在系统最开始初始化的时候会初始化ht[0],而且为realsize 分配为4，那么这里分配的内存是 realsizesizeof(dictEntry)=4*8 = 32b，这只是最开始的时候，而且只能存储4个dictEntry指针，也就是对应4个key，在key增加的时候，会对ht[0]进行扩容，这时候会先将ht[1]扩容至ht[0]的两倍，而后将ht[0]中对应的dictEntry所有迁移到ht[1]，而后他们再相互交换一下。那么ht[1]又变成ht[0]了，以前的ht[0]变为ht[1]而且释放内存。因此在每次ht[0]满了以后都会扩容至之前的2倍。

那目前咱们key的数量是632147，那么realsize是多少呢

realsize=4
realsize=8
realsize=16
realsize=32
realsize=64
realsize=128
realsize=256
realsize=512
realsize=1024
realsize=2048
realsize=4096
realsize=8192
realsize=16384
realsize=32768
realsize=65536
realsize=131072
realsize=262144
realsize=524288
realsize=1048576

524288 <632147 <1048576，因此目前realsize是1048576，那么总共须要分配的内存就是1048576*8= 8388608，8388608/1024/1024=8MB

那么以前8.34-8=0.34 MB，因此目前咱们只相差0.34MB。那么咱们把全部key清空看一下Redis自己使用了多少内存呢。

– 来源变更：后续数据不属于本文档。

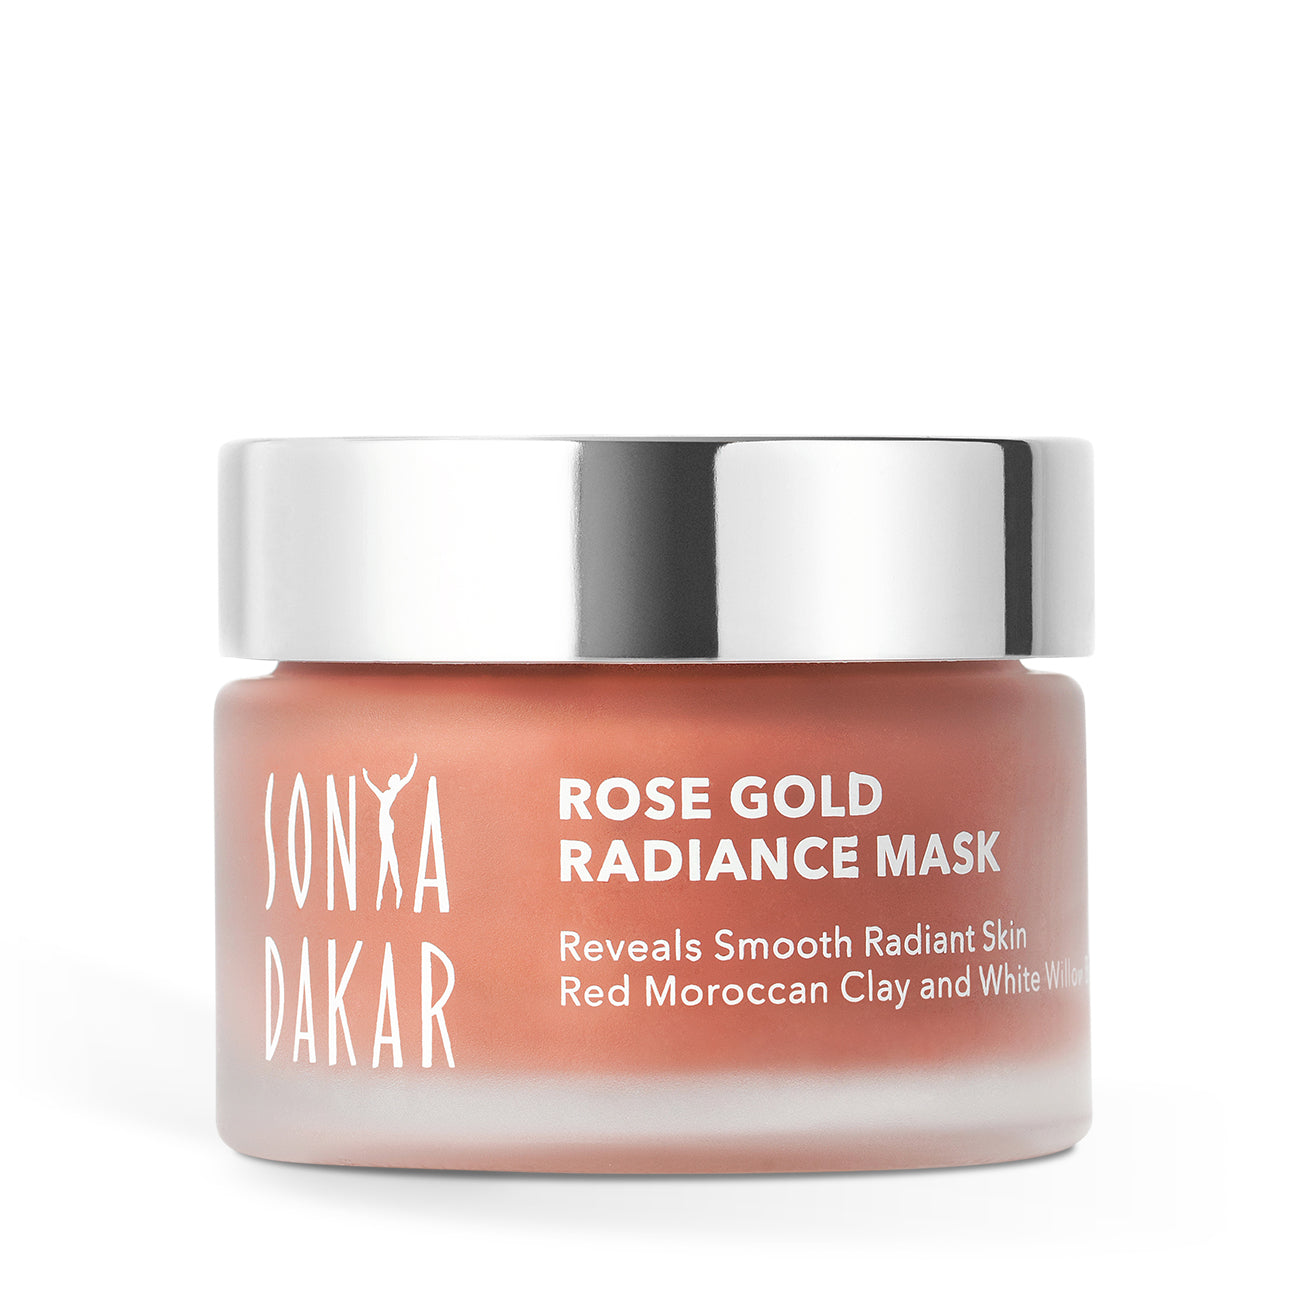 Pore Minimizer Mask - Sonya Dakar Rose Gold Radiance Mask – SONYA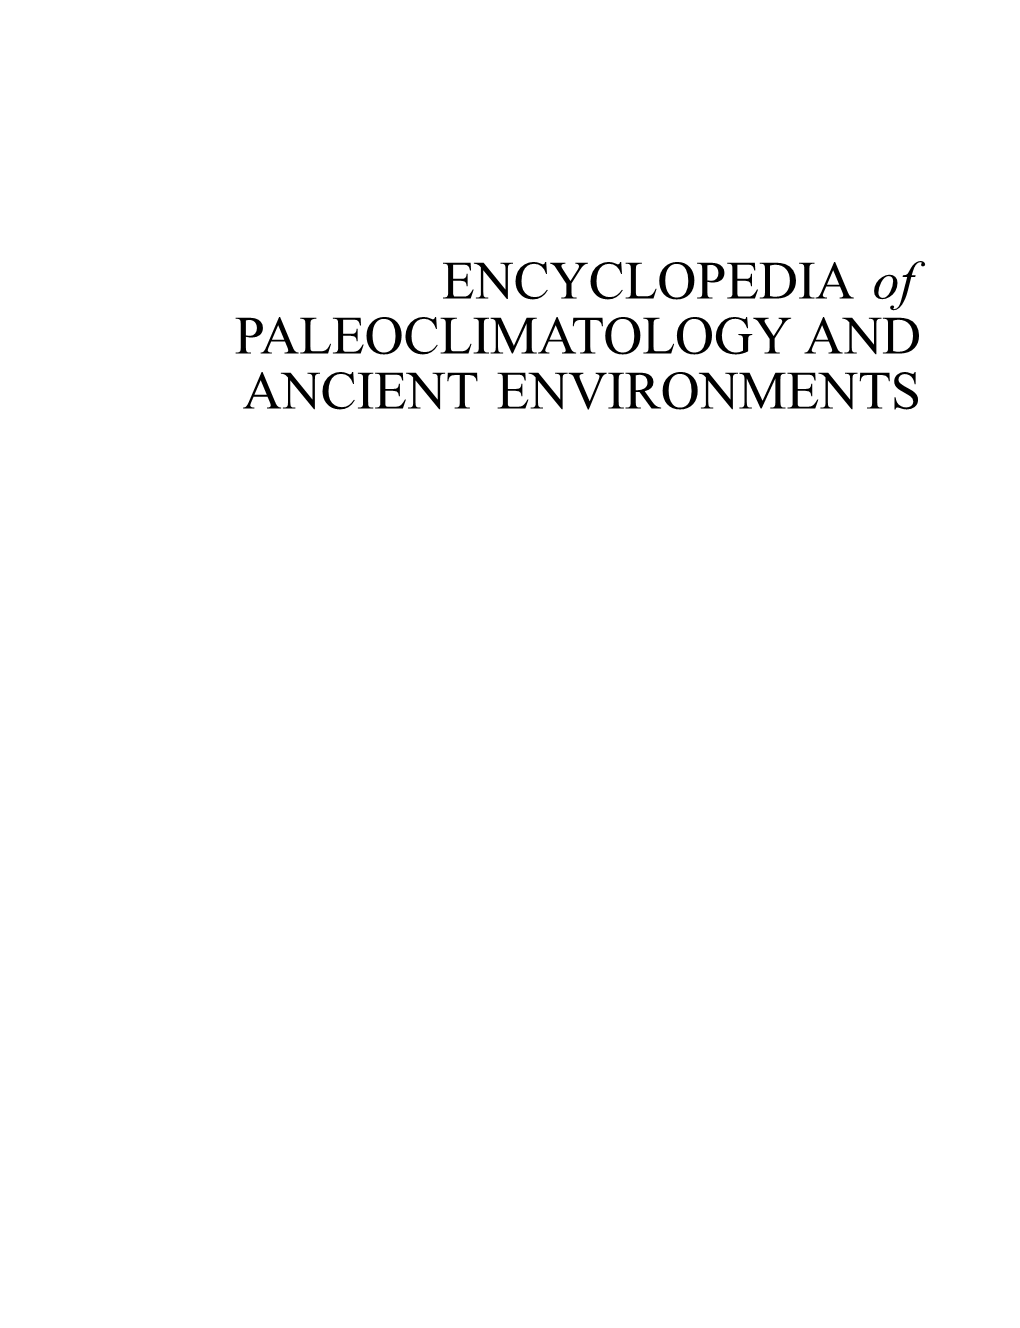 ENCYCLOPEDIA of PALEOCLIMATOLOGY and ANCIENT ENVIRONMENTS Encyclopedia of Earth Sciences Series

[jingbo8@poseidon54 ~]$ redis-cli -p 6379 info|grep mem                                                             
used_memory:349256
used_memory_human:341.07K
used_memory_rss:2015232
used_memory_peak:349256
used_memory_peak_human:341.07K
used_memory_lua:36864
mem_fragmentation_ratio:5.77
mem_allocator:jemalloc-3.6.0

0.34*1024=348.16k，这样与目前的内存很是接近了。

那么从上面这个分析结果来看，Redis 自己的结构体占据了大部分的内存。因此最终形成导入到Redis中的内存与以前文件中所占用的空间差距较大，内存是宝贵的资源，因此你们在往Redis存储数据的时候必定要设计好。

至此整个内存如何分配分析完成，有问题能够随时联系。